ギルド職員ですら冒険者を引退後、稼いだお金で学校に通った人間も多いとのことだ。
つまり、大抵の冒険者は文字の読み書きや数の計算などに弱い。
スレイの『いっぱい!』も致し方ないのだ。
問題は、その数が十体なのか百体なのか千体なのかだが・・・
「スレイ、十よりは多かったか?」
「えっと、十よりは多いと思います。」
「なるほど・・・」
「ヒイロさんはどう思います?アルゼン荒野にアンデッドの群れなんて聞いたことありませんし、さすがにそれはないですよねぇ?」
マリーシアさんの言い分ももっともだ。
が、俺には気がかりなことがある。前例がないわけではないのだ。
『アルゼン近くの荒野』に『突如アンデッドが大量発生』し『大きな戦いになった』ことが一度だけある。

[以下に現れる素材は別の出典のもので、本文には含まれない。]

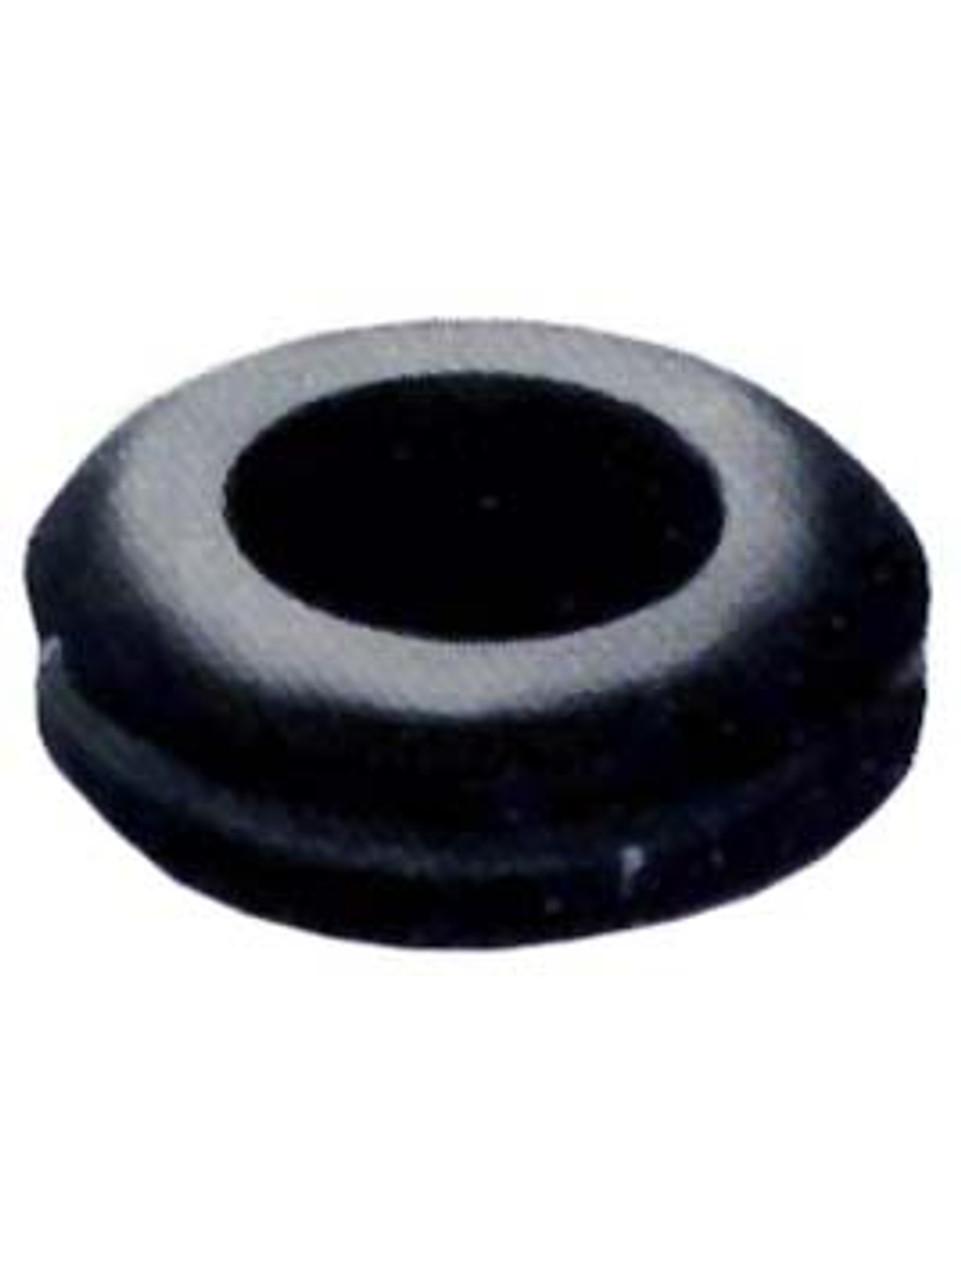 GROM1 --- Rubber Grommet

大戦時にノエルさんがアルゴスさんたちを助けたという『アルゼン荒野の戦い』だ。(第二十一姉・第二十六姉参照)
万が一、スレイのいうことが事実であれば、大変なことになる。
「・・・マリーシアさん、ラムサスさんは今どこに?」
「え?し、支部長はギルド会議で王都にいっていて、今は・・・」
ノエルさんといい、タイミングが悪いな。
「じゃあ、ガルダさんは?」
「副支部長は支部長代理として支部長室でお仕事をしてますけども。」
「なら、ガルダさんに取り次いでもらえませんか?お話したいことがあるって。」
「わ、わかりました。」
困惑した表情のマリーシアさん。
「ヒイロさん!信じてくれるんですね!」
「まぁな。お前がそんなくだらない嘘をつくとは思えんし、そもそもメリットがないからな。」
「あ、ありがとうございます!」
そんな嬉しそうな顔すんじゃねぇよ後輩。こっちまで嬉しくなっちまうだろうがよぃ。
「では、こちらへ。」
「あいよ~。」「スレイもいくぞ。」
「はい!」
こうして、四人で支部長室へと向かったのだった。
ここまでお読みいただきありがとうございました。
ご意見、ご感想ありましたらよろしくお願いいたします。
アルゼンに不吉な影が忍び寄る。立ち上がる初月姉弟。その時、あの兄妹が応援に駆けつける!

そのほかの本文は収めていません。